Reducing CO₂ emissions to mitigate global warming requires decommissioning fossil fuels and spreading low-carbon energy sources like renewables and nuclear [1]. Towards carbon neutrality by 2060, China has announced its climate goal. In 2030, China is expected to reduce coal-fired power generation from 61.3% to 47.5%, while wind and solar power generation will rise from 9.3% to 22.5%, and nuclear power generation will increase to 7.5% [2]. Furtherly, by 2045, the proportion of wind and solar power generation will increase to 43.4%, the percentage of nuclear power will rise in an orderly manner to 11.7%, and coal-fired power will decline sharply to 23.4%.

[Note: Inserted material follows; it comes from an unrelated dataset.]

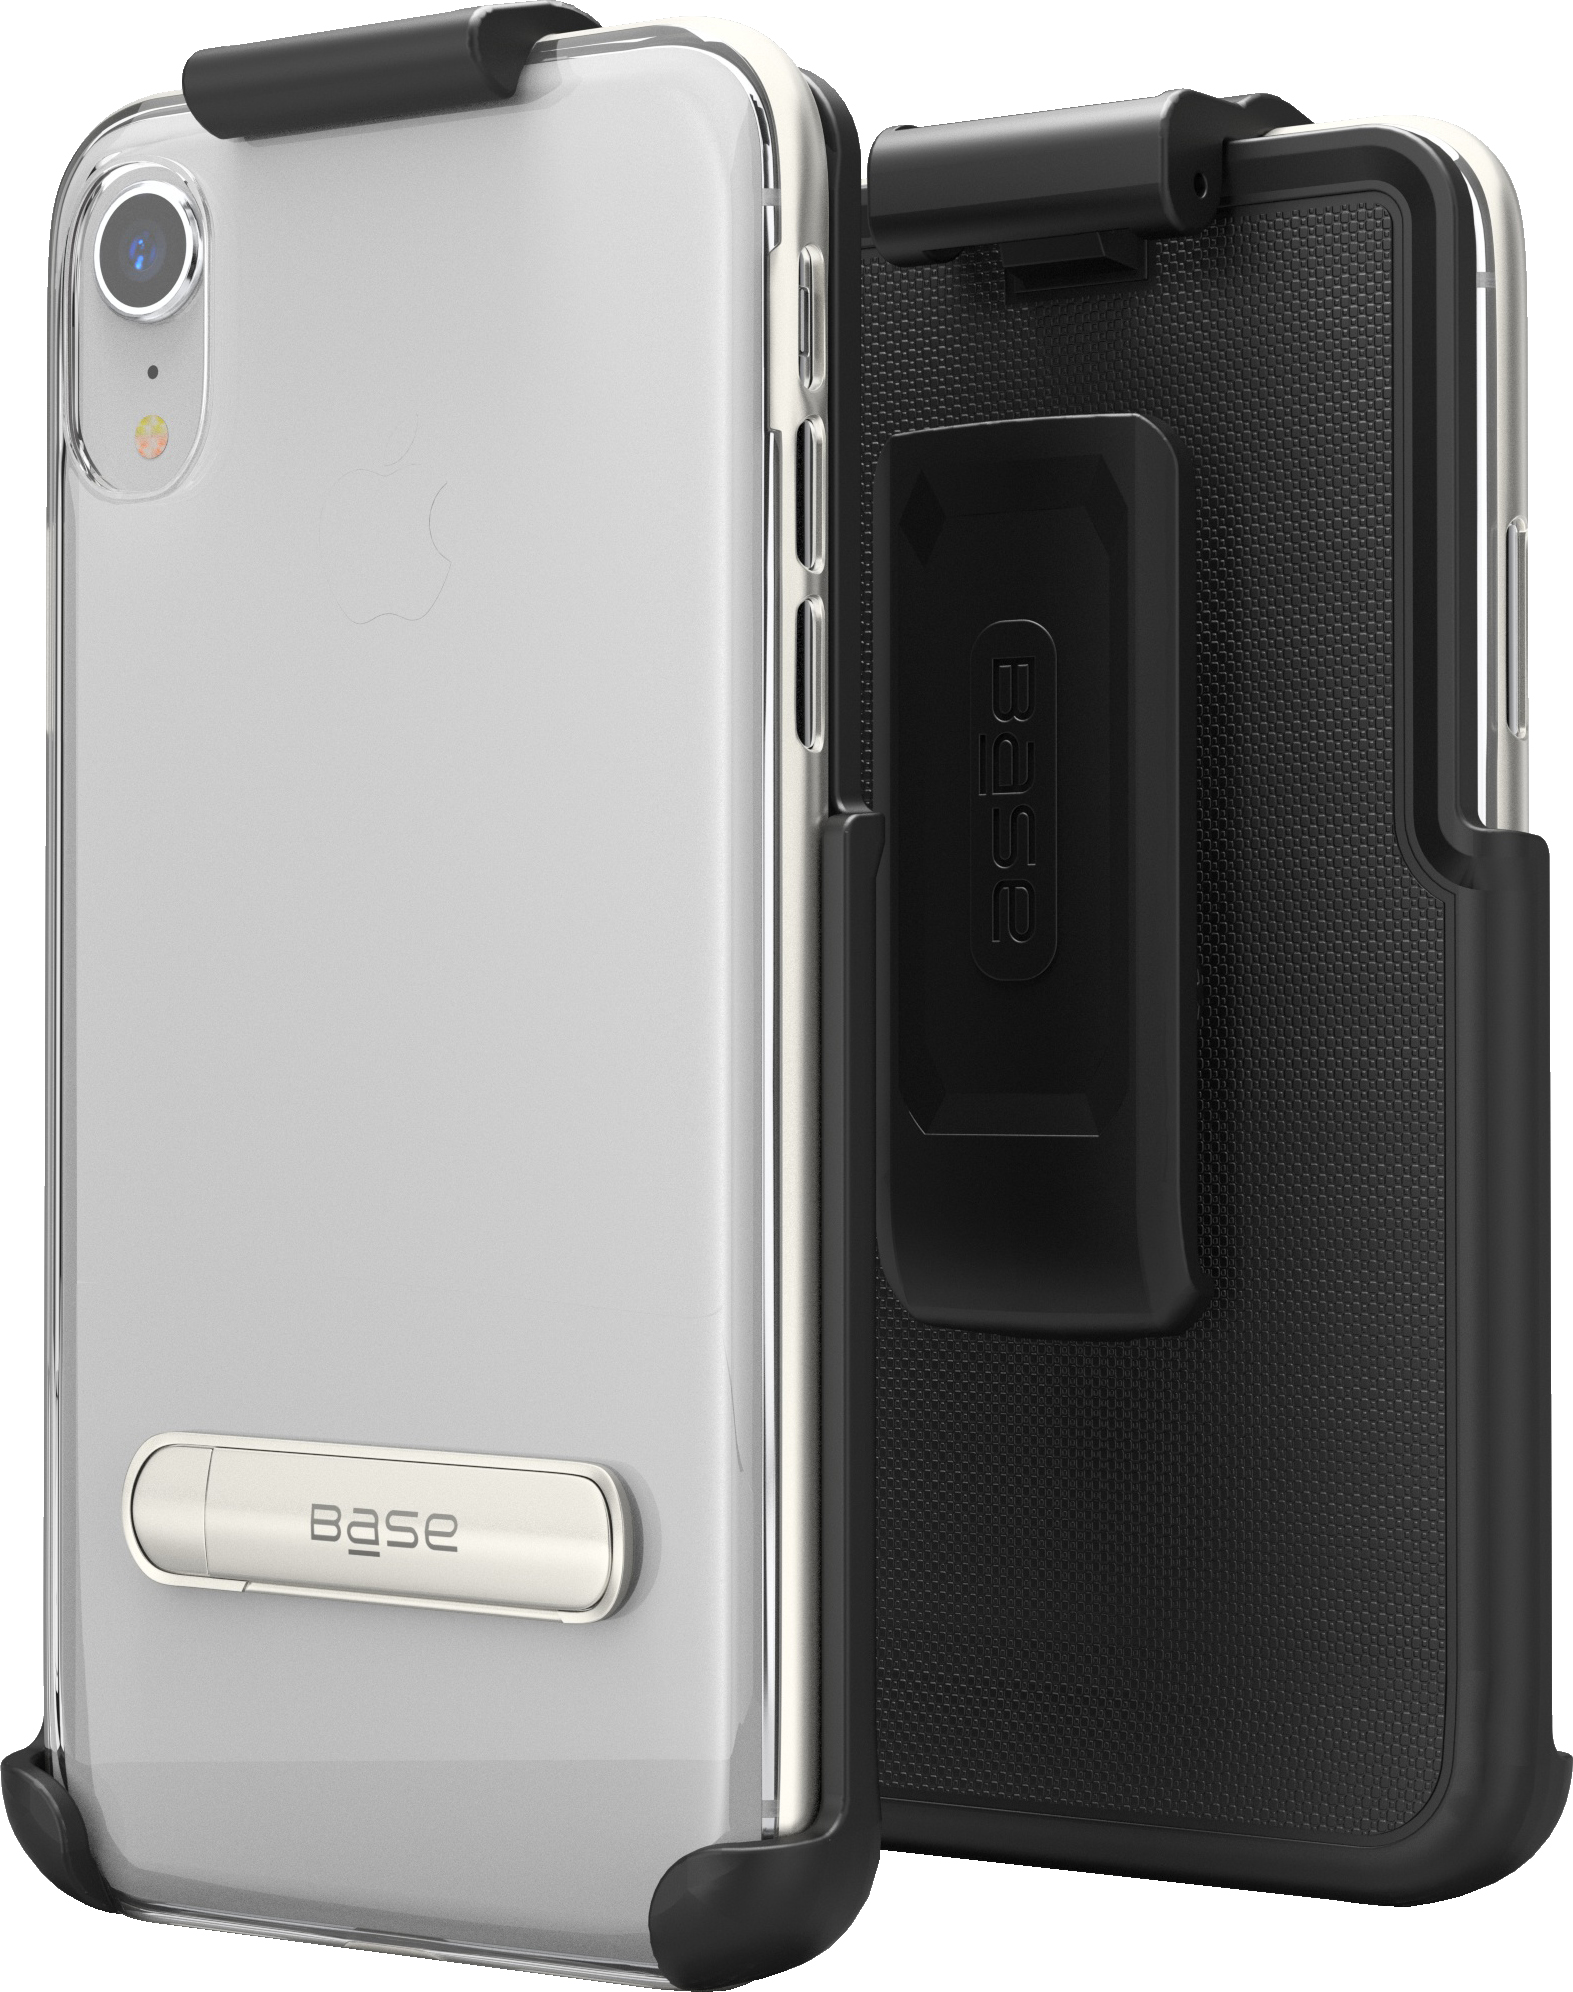 Two piece - black and clear with silver edges case protector with rotating belt clip and metal kickstand for iPhone XR cell phones

The Chinese coal fleet, however, is younger than the global average with a total installed capacity exceeding 1100 GW. China’s coal-fired plants have operated for less than 15 years, so they have longer lifespans than their counterparts in the United States and Europe [3]. Thus, China will face a higher risk of asset stranding if coal power plant (CPP) retirements are accelerated [4]. At the same time, due to the salient intermittency and volatility, wind and solar energy bring critical challenges to electricity supply security [5]. As a major base load power source in China’s electrical system, coal-fired plants are crucial for wind and solar energy consumption. Thus, an alternative base load power source should be developed when CPP retires.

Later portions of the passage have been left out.